[Opening Data shown section]

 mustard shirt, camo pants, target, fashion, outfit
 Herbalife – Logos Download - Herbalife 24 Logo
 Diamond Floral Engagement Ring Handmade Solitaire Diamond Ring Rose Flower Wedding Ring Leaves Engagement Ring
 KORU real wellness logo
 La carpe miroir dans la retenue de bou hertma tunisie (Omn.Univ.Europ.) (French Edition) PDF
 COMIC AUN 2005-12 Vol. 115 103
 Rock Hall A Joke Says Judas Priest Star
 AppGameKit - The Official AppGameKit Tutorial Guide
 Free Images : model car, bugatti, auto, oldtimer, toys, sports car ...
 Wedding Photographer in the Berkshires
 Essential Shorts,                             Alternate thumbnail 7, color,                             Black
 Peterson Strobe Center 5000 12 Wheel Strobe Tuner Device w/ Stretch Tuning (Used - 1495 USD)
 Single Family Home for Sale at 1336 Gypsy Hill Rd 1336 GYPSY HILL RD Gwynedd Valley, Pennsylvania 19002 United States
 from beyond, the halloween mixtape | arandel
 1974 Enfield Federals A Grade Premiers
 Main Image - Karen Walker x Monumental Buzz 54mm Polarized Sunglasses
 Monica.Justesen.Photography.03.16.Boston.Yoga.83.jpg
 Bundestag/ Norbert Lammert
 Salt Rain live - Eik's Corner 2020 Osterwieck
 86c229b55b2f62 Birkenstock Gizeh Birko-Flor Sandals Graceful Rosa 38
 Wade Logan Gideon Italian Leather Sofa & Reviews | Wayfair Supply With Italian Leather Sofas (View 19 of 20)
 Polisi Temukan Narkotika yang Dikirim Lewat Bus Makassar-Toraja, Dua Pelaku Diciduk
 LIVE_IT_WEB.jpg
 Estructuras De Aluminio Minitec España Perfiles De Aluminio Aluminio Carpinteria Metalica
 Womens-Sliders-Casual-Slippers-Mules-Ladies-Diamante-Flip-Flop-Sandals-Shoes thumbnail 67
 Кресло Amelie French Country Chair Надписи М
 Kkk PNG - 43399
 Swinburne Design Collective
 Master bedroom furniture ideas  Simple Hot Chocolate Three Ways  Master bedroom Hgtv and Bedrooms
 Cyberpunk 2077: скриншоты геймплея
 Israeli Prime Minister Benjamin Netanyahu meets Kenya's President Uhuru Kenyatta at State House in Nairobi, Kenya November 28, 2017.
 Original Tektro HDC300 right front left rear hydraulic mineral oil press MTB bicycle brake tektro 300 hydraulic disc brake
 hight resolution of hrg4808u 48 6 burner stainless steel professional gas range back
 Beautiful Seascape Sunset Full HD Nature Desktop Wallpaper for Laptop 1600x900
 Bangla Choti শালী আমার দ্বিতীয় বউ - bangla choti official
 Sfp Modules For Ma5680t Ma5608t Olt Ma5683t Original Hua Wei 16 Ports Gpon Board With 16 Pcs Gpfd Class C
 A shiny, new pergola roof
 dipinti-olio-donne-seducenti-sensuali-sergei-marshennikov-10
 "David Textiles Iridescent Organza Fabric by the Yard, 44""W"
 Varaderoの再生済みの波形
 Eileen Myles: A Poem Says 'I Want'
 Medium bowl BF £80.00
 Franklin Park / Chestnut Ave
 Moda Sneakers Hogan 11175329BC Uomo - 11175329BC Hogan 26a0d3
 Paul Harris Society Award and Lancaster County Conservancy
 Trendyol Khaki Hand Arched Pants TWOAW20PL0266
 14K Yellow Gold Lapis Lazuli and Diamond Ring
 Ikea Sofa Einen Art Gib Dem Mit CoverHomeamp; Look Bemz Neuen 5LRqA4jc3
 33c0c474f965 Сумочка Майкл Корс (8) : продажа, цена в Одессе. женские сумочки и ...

[Closing Data shown section]

• Task to carry out: Which lines run from the one containing "Trendyol Khaki Hand" to the end of the entries above? Quote exactly those, and only those.

• Solution:
 Trendyol Khaki Hand Arched Pants TWOAW20PL0266
 14K Yellow Gold Lapis Lazuli and Diamond Ring
 Ikea Sofa Einen Art Gib Dem Mit CoverHomeamp; Look Bemz Neuen 5LRqA4jc3
 33c0c474f965 Сумочка Майкл Корс (8) : продажа, цена в Одессе. женские сумочки и ...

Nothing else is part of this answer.